Sequential Stern-Gerlach experiment Consider the following diagram:

(Sakurai)
In the first lecture of MIT OCW Quantum Physics 1, 2013 (https://www.youtube.com/watch?v=lZ3bPUKo5zc), Allan Adams implies that if we remove the barrier on the Sx- beam, thus allowing the Sx+ beam and Sx- beam to merge together and pass through the next SG measurement setup, the output of that final measurement will be only Sz+ atoms, rather than both Sz+ and Sz-. Why does this happen?
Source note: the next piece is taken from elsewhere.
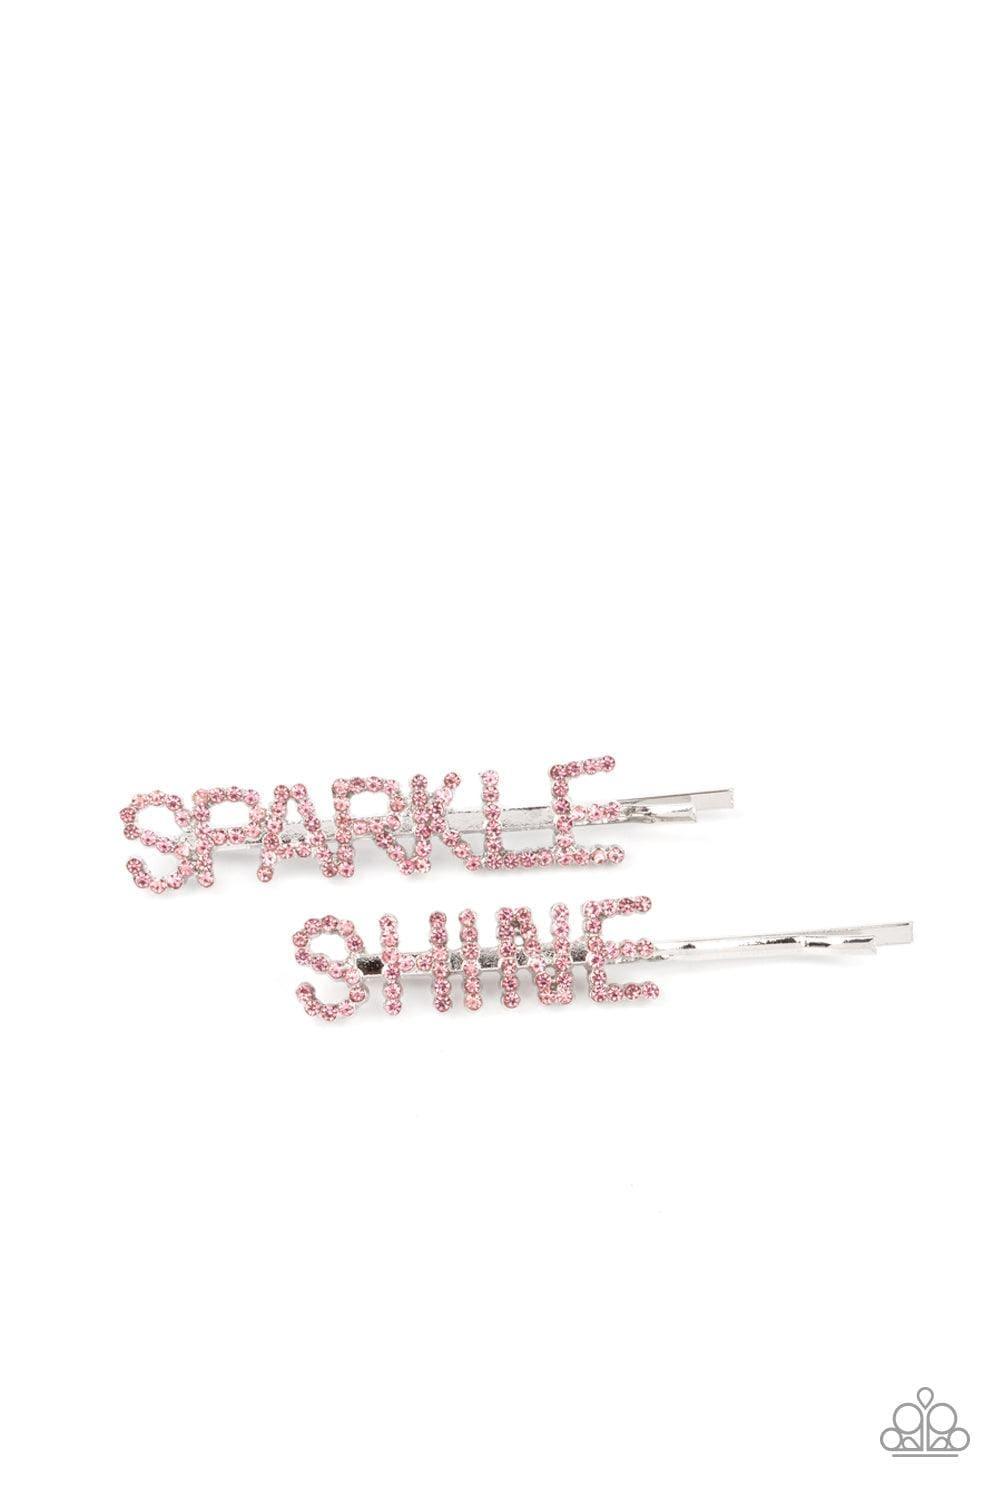 Paparazzi Accessories - Center Of The Sparkle-verse - Pink Hair Pins - Bling by JessieK

Why do the atoms not care about being collapsed into Sx eigenstates in this scenario?
 A: Consider an initial state
$$|1 \rangle = \frac{1}{\sqrt{2}} (|S_z + \rangle + |S_z -\rangle). $$
Now it passes through the first SG experiment, and all down spins are filtered out, so you have a collapsed state
$$|2 \rangle = |S_z + \rangle = \frac{1}{\sqrt{2}} (|S_x + \rangle + |S_x -\rangle). $$
If a measurement is made after the second SG experiment, you again collapse into a state $S_x+$
$$|3 \rangle = \frac{1}{\sqrt{2}} (|S_z +\rangle + |S_z - \rangle) = |1\rangle. $$
However if no measurement is made, and the beams are merged, your system is still described by $|2 \rangle$, so a measurement of $S_z$ will only yield $|S_z +\rangle$.
The key point is that splitting out into the two $S_x$ components and merging again without ever measuring will not collapse the state. Superposition can persist over distance as long as no measurement is made, see e.g. the quantum erasure experiment with spacelike separation for practical examples of this.
For reference, the spin states are related as describe on Wikipedia.